Note that \(Cov(\mathbf{x}) = E(\mathbf{xx}^T) - E(\mathbf{x})E(\mathbf{x})^T\):

\[\begin{align*} &= trace(\mathbf{A}Cov(\mathbf{x})) + trace(\mathbf{A}E(\mathbf{x})E(\mathbf{x})^T)\\ &= trace(\mathbf{A}Cov(\mathbf{x})) + E(\mathbf{x}^T)\mathbf{A}E(\mathbf{x}). \end{align*}\]

Exercise 2

Suppose the assumptions on Slide 6 hold. What is the variance of the \(i^{th}\) residual?

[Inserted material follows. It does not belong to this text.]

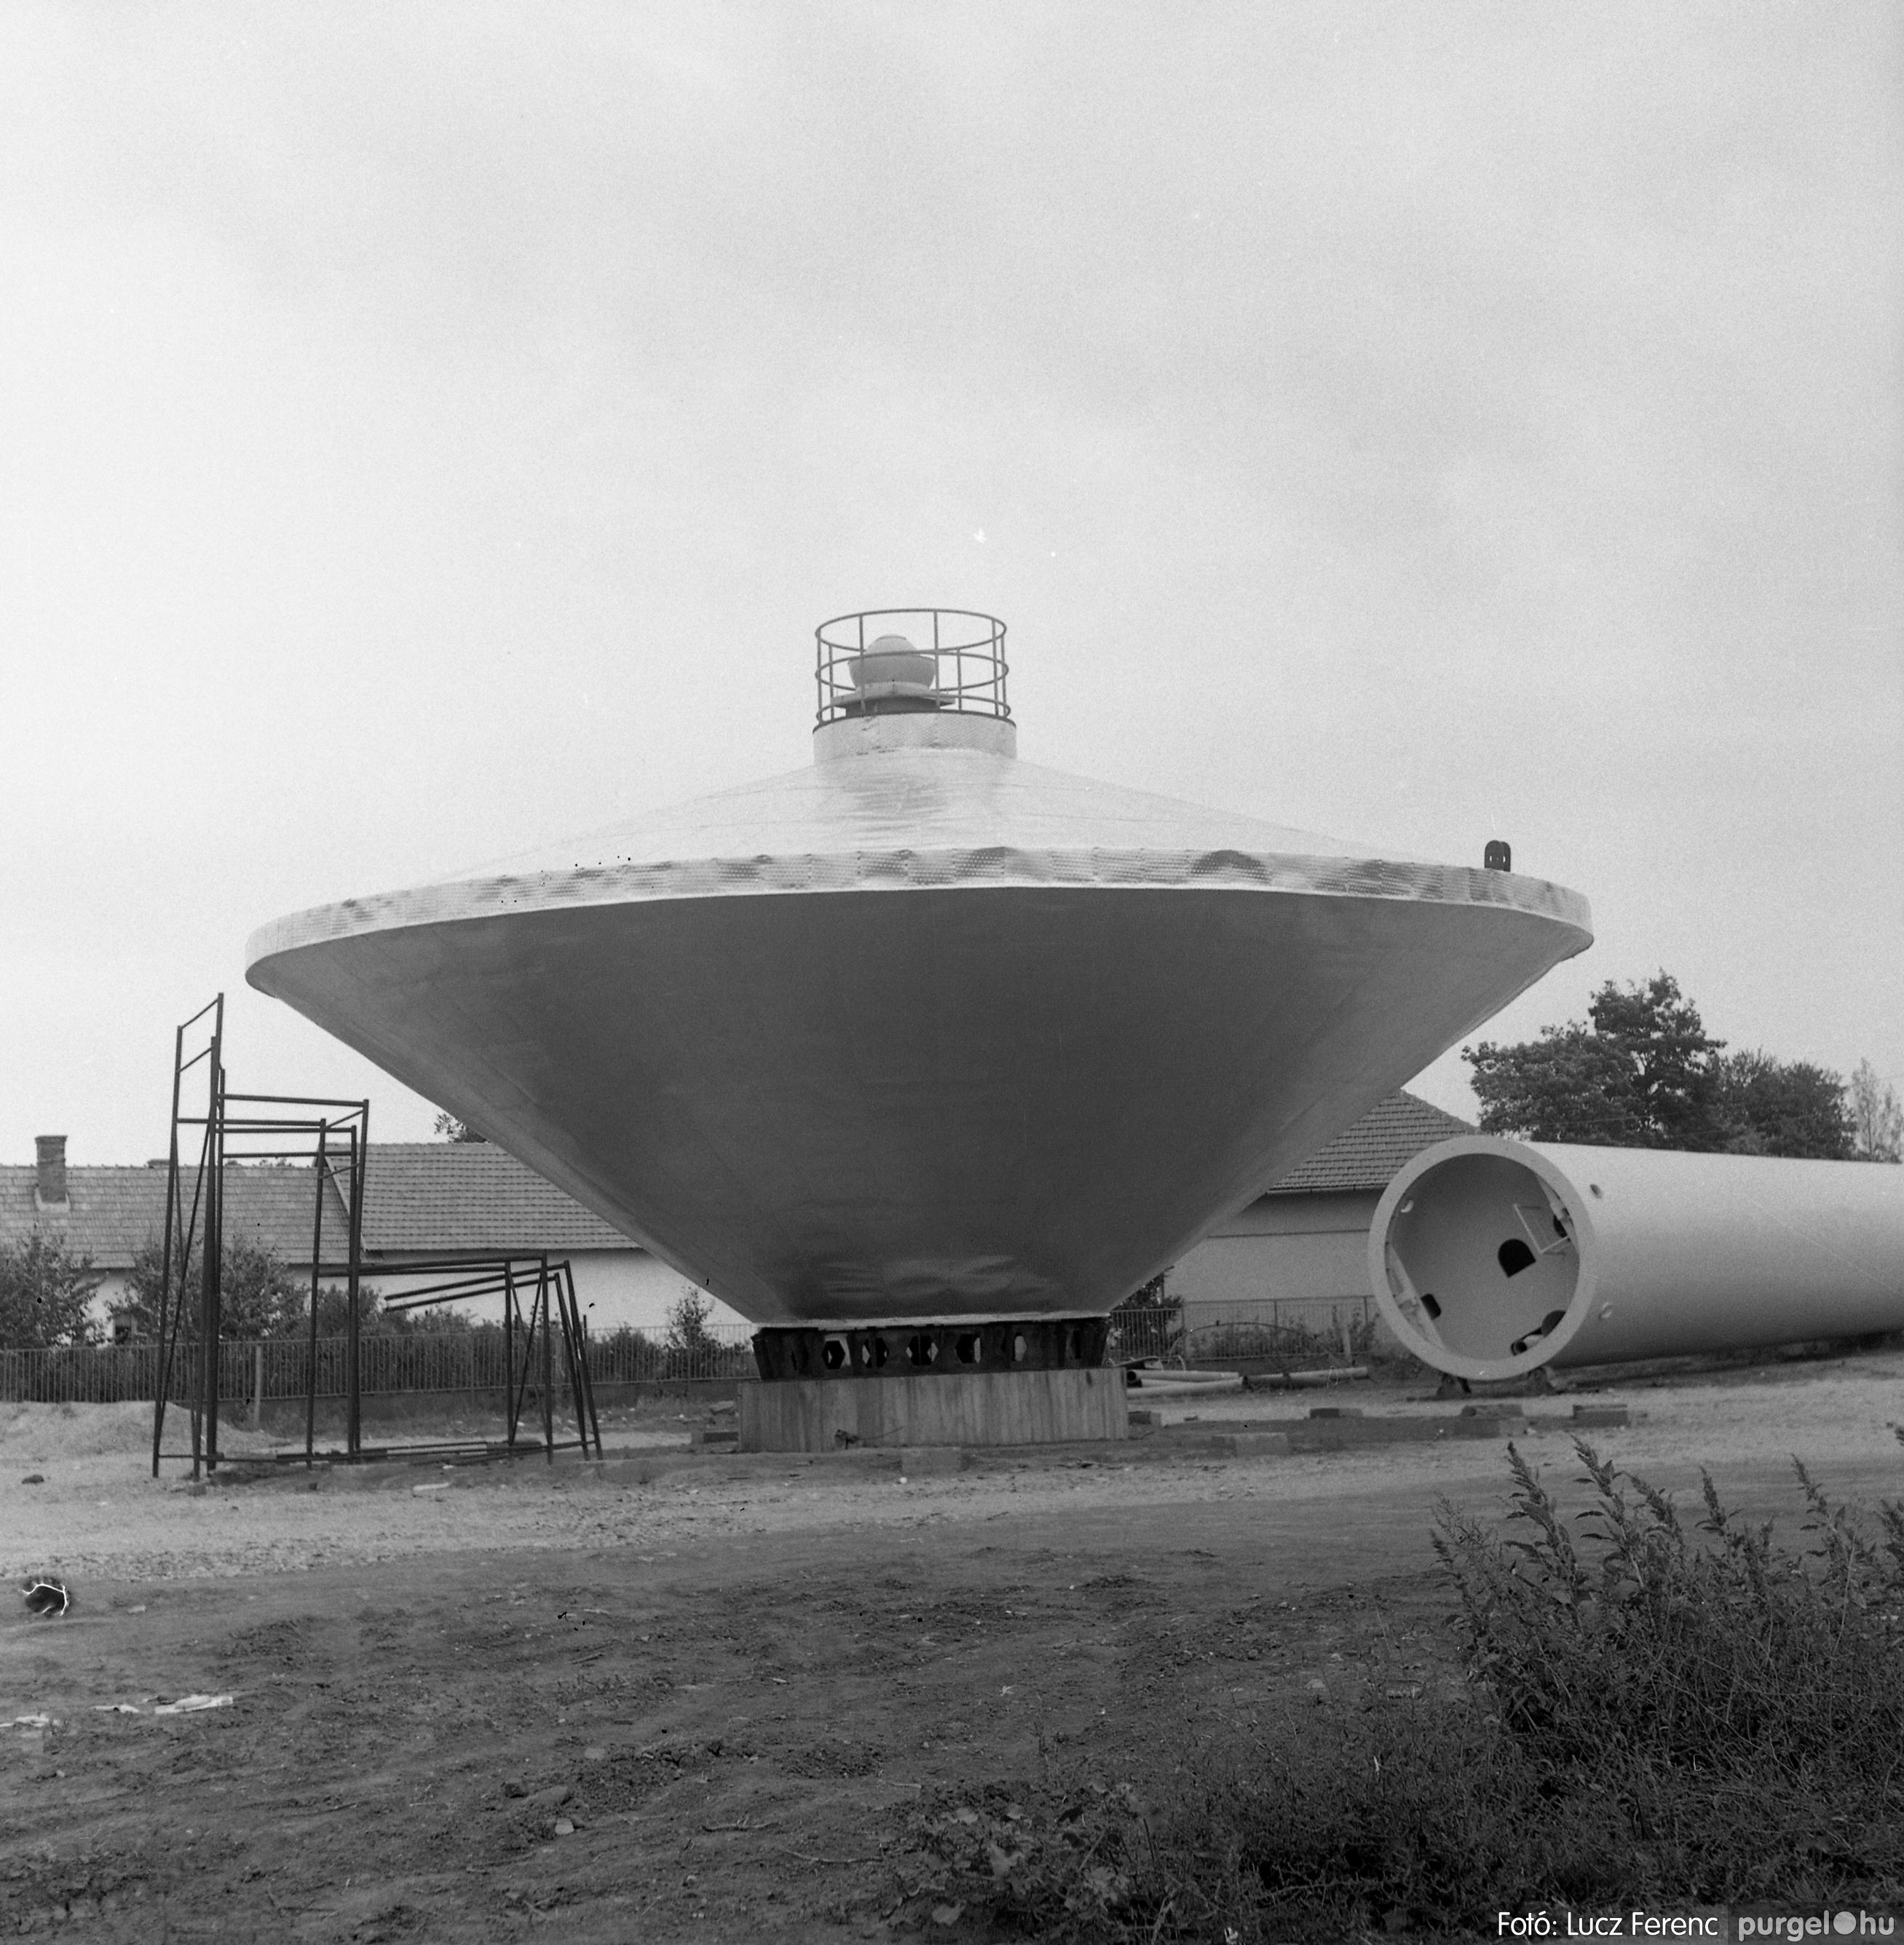 078. 1978. Épül a víztorony 003. - Fotó: Lucz Ferenc.jpg

If we had a “good” estimate of \(\sigma^2\), which we’ll call \(\widehat{\sigma}^2\), the \(i^{th}\) standardized residual might then be defined by \(y_i - \widehat{y}_i\) divided by the square root of the answer to this exercise. Use this intuition to develop a notion of an outlier (no hard numbers required, just an idea).

Note from Ex. 3 that \(Cov(\widehat{\epsilon}) = \sigma^2(\mathbf{I} - \mathbf{H})\). Thus, the variance of the \(i^{th}\) residual are given by the diagonal terms in the matrix, \(\sigma^2(1 - H_{ii})\). An outlier might then be defined if the term

\[\begin{align*} \frac{y_i - \widehat{y}_i}{\sigma\sqrt{1 - H_{ii}}} \end{align*}\]

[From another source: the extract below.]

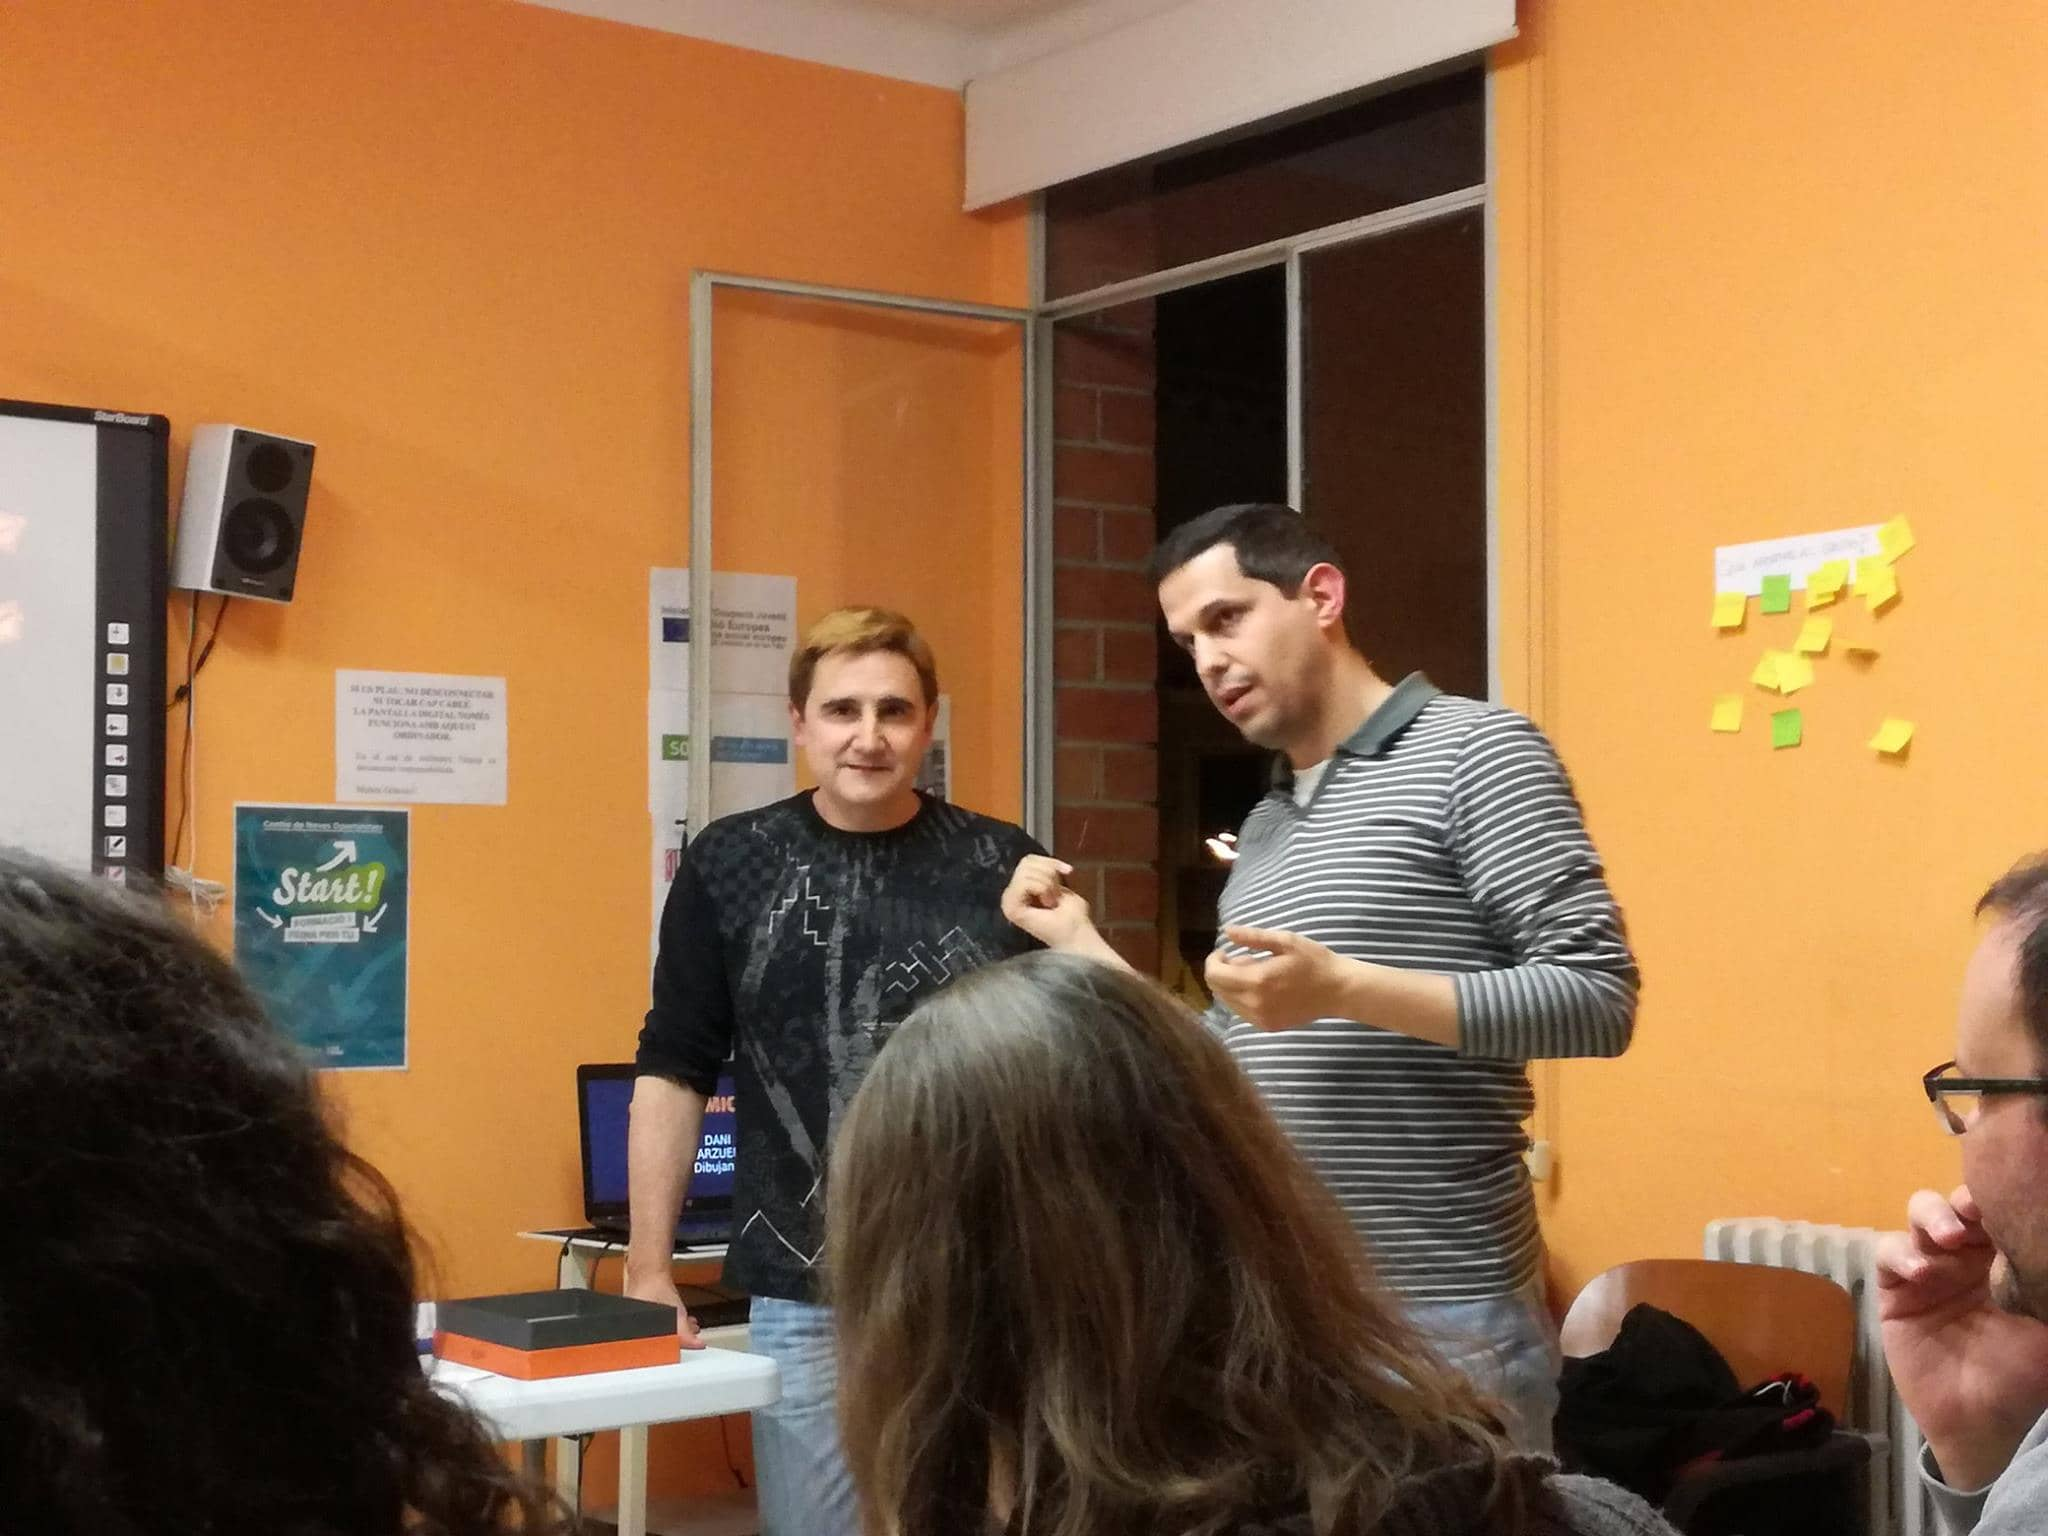 JAR y ZAR hablando sobre el proceso creativo de los cómics

is sufficiently large in magnitude (for instance, if it is above some percentile of some t-distribution).

Exercise 3

What are the expectation and covariance of the residuals?

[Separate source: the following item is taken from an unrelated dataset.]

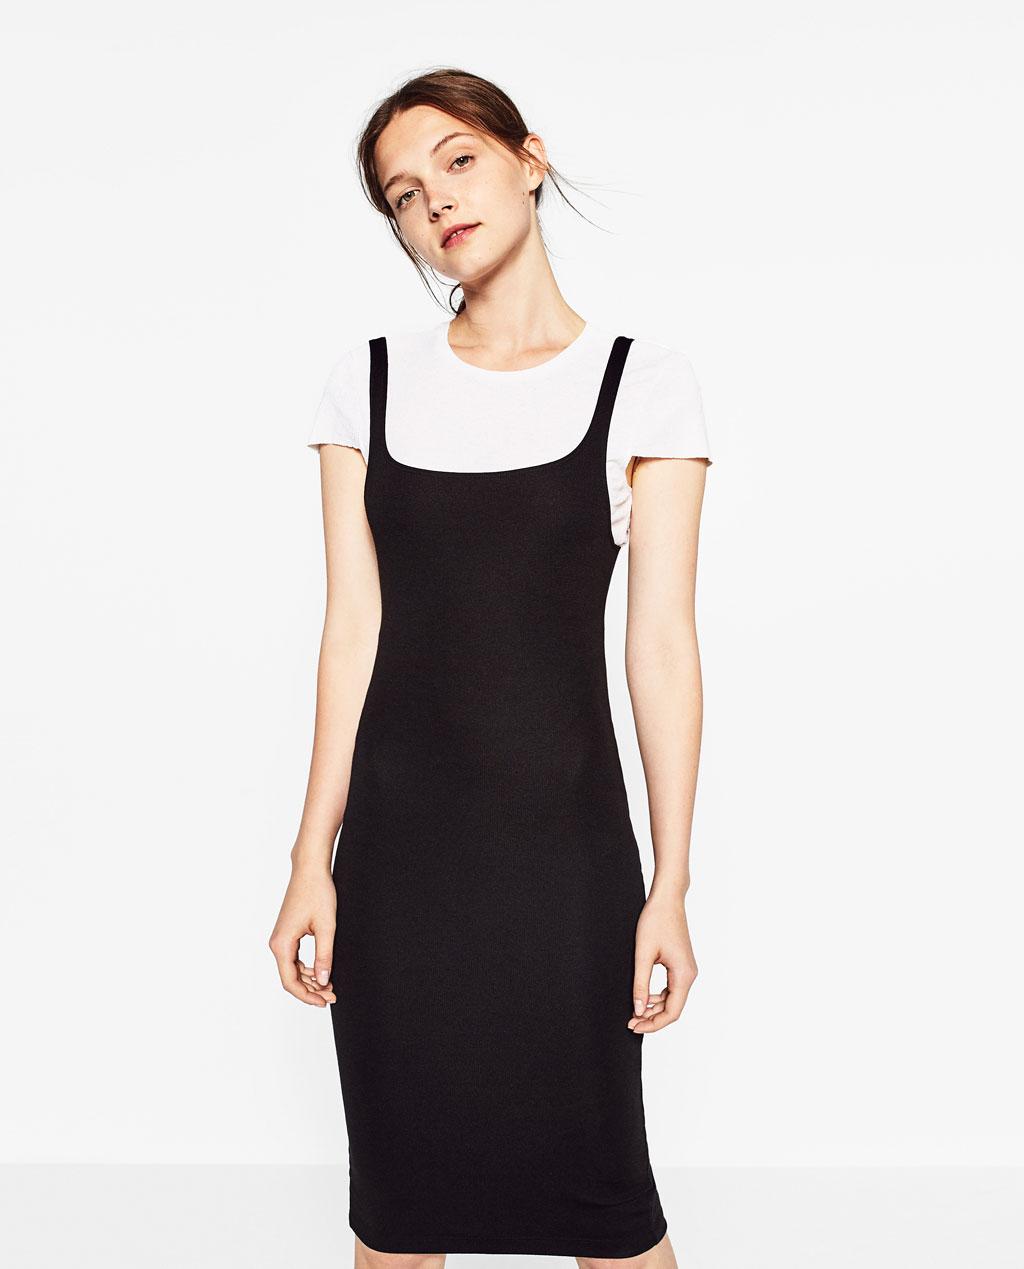 e9570e18 Одежда из линии Zara Basic продаётся по более доступной цене, в отличии от  Zara Woman, но не уступает ей в качестве.

\[\begin{align*} E(\widehat{\epsilon}) &= E(\mathbf{y} - \mathbf{X}\widehat{\boldsymbol\beta})\\ &= E(\mathbf{X}\boldsymbol\beta + \boldsymbol\epsilon - \mathbf{X}(\mathbf{X}^T\mathbf{X})^{-1}\mathbf{X}^T\mathbf{y})\\ &= E(\mathbf{X}\boldsymbol\beta + \boldsymbol\epsilon - \mathbf{X}(\mathbf{X}^T\mathbf{X})^{-1}\mathbf{X}^T(\mathbf{X}\boldsymbol\beta + \boldsymbol\epsilon))\\ &= E(\mathbf{X}\boldsymbol\beta) + \mathbf{0} - E(\mathbf{X}(\mathbf{X}^T\mathbf{X})^{-1}\mathbf{X}^T(\mathbf{X}\boldsymbol\beta + \boldsymbol\epsilon))\\ &= E(\mathbf{X}\boldsymbol\beta) - E(\mathbf{X}\boldsymbol\beta) - \underbrace{E(\mathbf{X}(\mathbf{X}^T\mathbf{X})^{-1}\mathbf{X}^T\mathbf{\epsilon})}_{\mathbf{0}}\\ &= E(\mathbf{X}\boldsymbol\beta) - E(\mathbf{X}\boldsymbol\beta) = \mathbf{0}.\\ Cov(\widehat{\epsilon}) &= Cov(\mathbf{y} - \mathbf{X}\widehat{\boldsymbol\beta})\\ &= Cov(\mathbf{y} - \underbrace{(\mathbf{X}^T\mathbf{X})^{-1}\mathbf{X}^T}_{\mathbf{H}}\mathbf{y})\\ &= Cov((\mathbf{I} - \mathbf{H})\mathbf{y})\\ &= (\mathbf{I} - \mathbf{H})Cov(\mathbf{y})(\mathbf{I} - \mathbf{H})^T\\ &= (\mathbf{I} - \mathbf{H})Cov(\mathbf{X}\boldsymbol\beta + \boldsymbol\epsilon)(\mathbf{I} - \mathbf{H})^T\\ &= (\mathbf{I} - \mathbf{H})Cov(\boldsymbol\epsilon)(\mathbf{I} - \mathbf{H})^T\\ &= (\mathbf{I} - \mathbf{H})\sigma^2\mathbf{I}(\mathbf{I} - \mathbf{H})^T\\ &= \sigma^2 (\mathbf{I} - \mathbf{H})\mathbf{I}(\mathbf{I} - \mathbf{H})^T\\ &= \sigma^2(\mathbf{I} - \mathbf{H}) \end{align*}\]

As \(\mathbf{I} - \mathbf{H}\) is symmetric and idempotent (from earlier homework).